Salish Model Ecosystem-Lower Trophic (SMELT), the biological component of SalishSeaCast

The 3 nutrient- 3 phytoplankton- 1.5 zooplankton compartment model described in Moore-Maley et al . (2016) was adapted to three dimensions and coupled to the Salish Sea NEMO model described by Soontiens et al. (2016). Description and evaluation of the model can be found in:

Olson, E. M., S. E. Allen, V. Do, M. Dunphy, and D. Ianson, 2020. Assessment of Nutrient Supply by a Tidal Jet in the Northern Strait of Georgia Based on a Biogeochemical Model. J. Geophys. Res. Oceans, 25(8).

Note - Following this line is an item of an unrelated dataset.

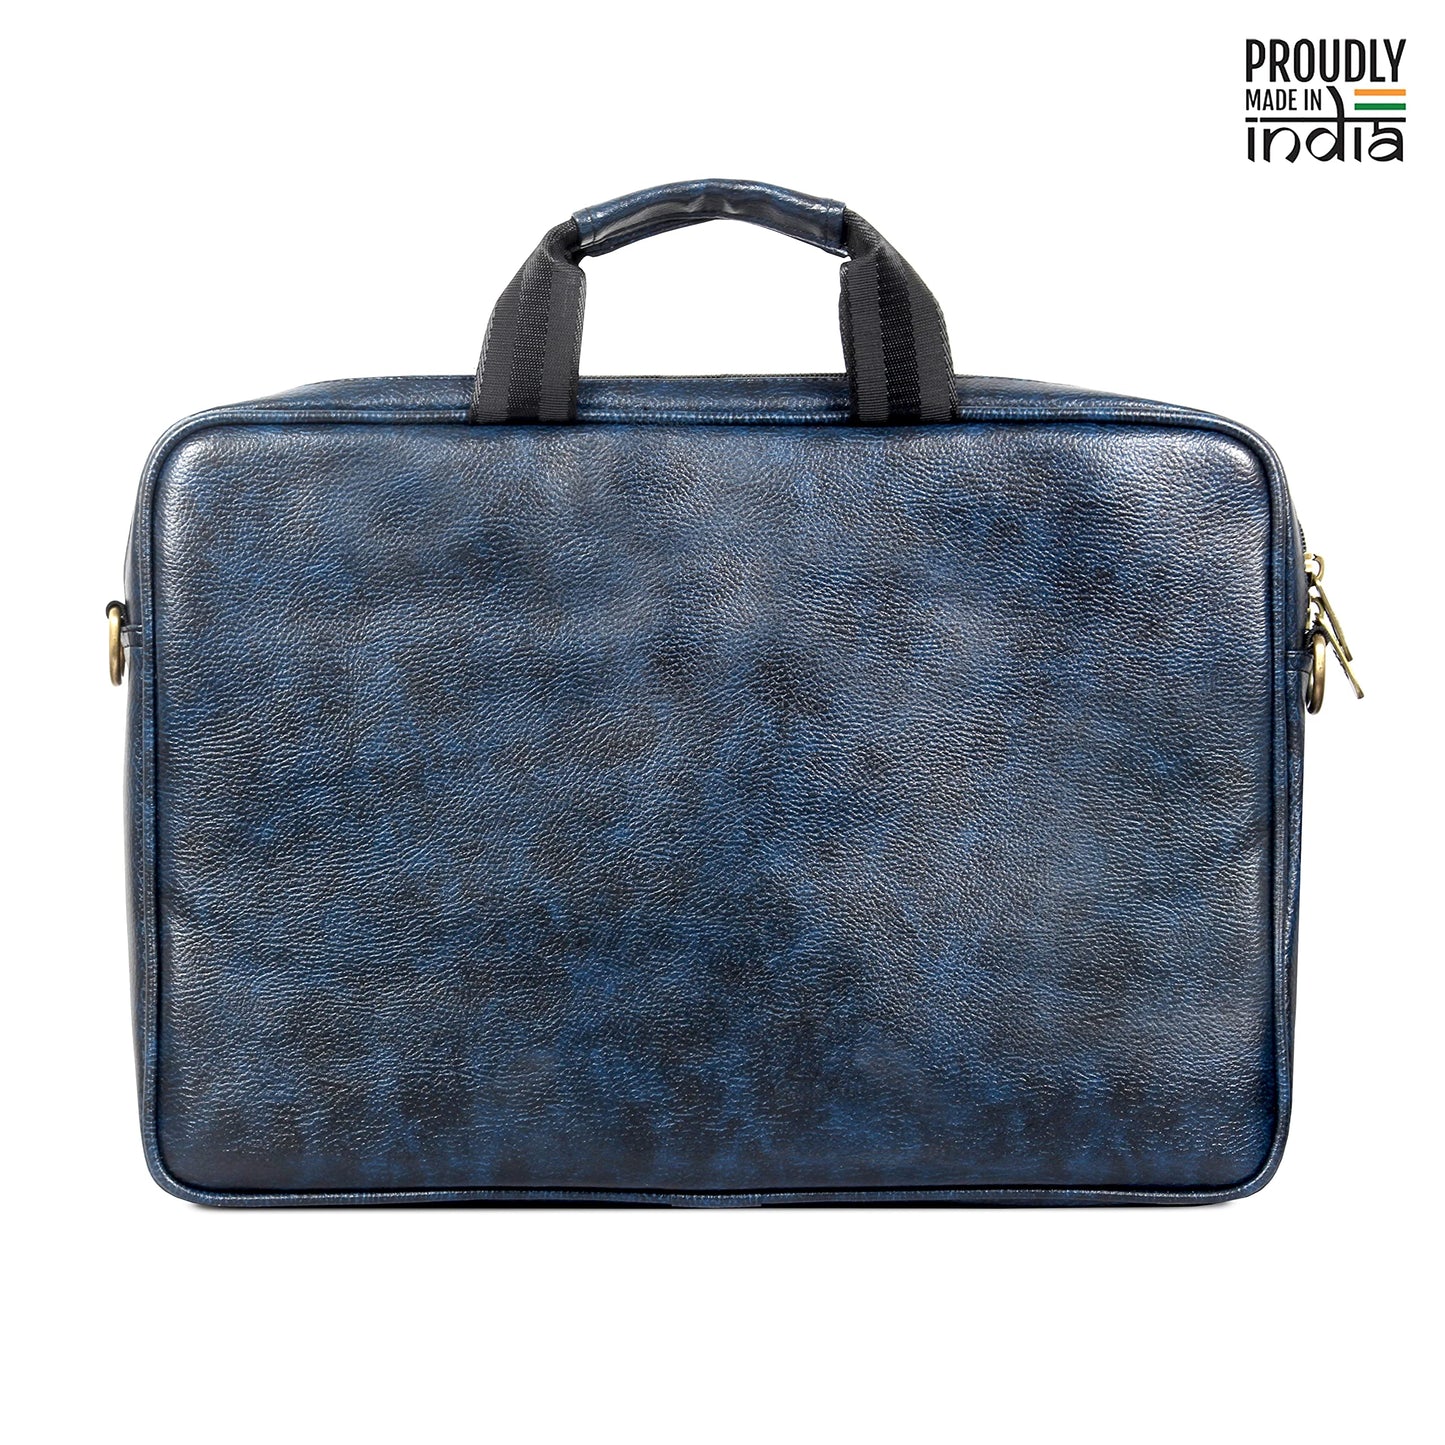 THE CLOWNFISH Unisex-Adult Divine Faux Leather 15.6 Inch Laptop Messenger Bag Briefcase (Blue)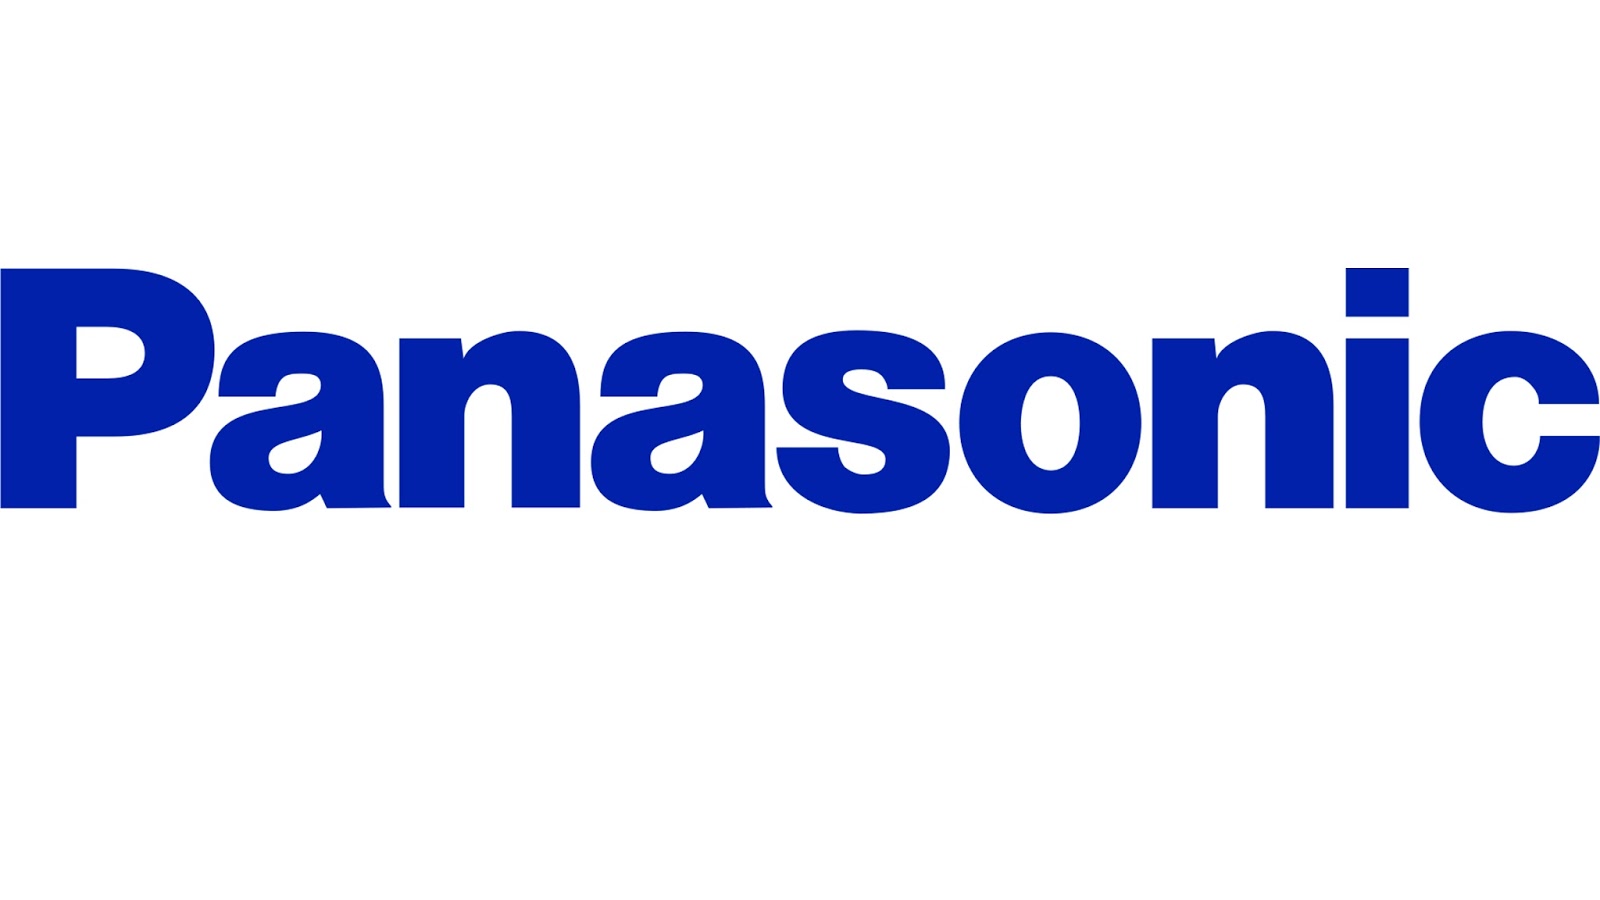 Panasonic Wallpapers

    author = "Olson, E. M. and S. E. Allen and V. Do and M. Dunphy and D. Ianson",
    title = "Assessment of Nutrient Supply by a Tidal Jet in the
Northern Strait of Georgia Based on a Biogeochemical Model",
    journal = "Journal of Geophysical Research: Oceans",
    year = "2020",
    volume = "25",
    number = "8",
    issn = "2169-9291",
    url = "",
    keywords = "nitrate, tidal jet, Discovery Passage, Strait of Georgia,
biogeochemical model, new production",
    abstract = "We present a coupled three-dimensional biological-physical model for
the Salish Sea and evaluate it by comparison to nitrate, silicate, and chlorophyll
observations. It accurately reproduces nitrate concentrations with Willmott skill
scores, root mean squared error, and bias ranging from 0.84–0.95, 4.02–6.5 μM,
and −2.33–1.84 μM, respectively, compared to three independent discrete sample
data sets. A prominent feature of the model output is a tidal jet emanating from
Discovery Passage producing a downstream plume of elevated surface nitrate.
The signal is present from April to September, when surface nitrate is otherwise
drawn down. It has a weak but statistically significant correlation to
Discovery Passage tidal velocity (R=0.37, p<0.01). Within the turbulent jet and
associated plume, the average rate of vertical nitrate supply due to mixing and
advection across a depth of roughly 6 m is 0.46 μmol m−2 s−1 between May 15, 2015,
and August 20, 2015, compared to 0.10 μmol m−2 s−1 for the northern Strait of Georgia
as a whole. Close to Discovery Passage, where velocities and shear are strongest,
the majority of the vertical nitrate flux is due to mixing. As velocities weaken
downstream, vertical advection becomes more important relative to mixing, but vertical
velocities also decrease. The tidal pulses out of Discovery Passage drive waves that
contribute net upward nitrate flux as far south as Cape Lazo, 40 km away. The nitrate
supply drives new production, consistent with existing observations. Similar dynamics
have been described in many other tidally influenced coastal systems.",
    doi = "10.1029/2019JC015766",

Cluster Analysis of Biophysical Dynamics

A cluster-based tool for model analysis and evaluation was developed and used to determine biophysical dynamics of the system in:

Jarníková, T., Olson, E. M., Allen, S. E., Ianson, D., and Suchy, K. D., 2021. A Clustering Approach to Determine Biophysical Provinces and Physical Drivers of Productivity Dynamics in a Complex Coastal Sea. Ocean Sci. Discuss., 1-36.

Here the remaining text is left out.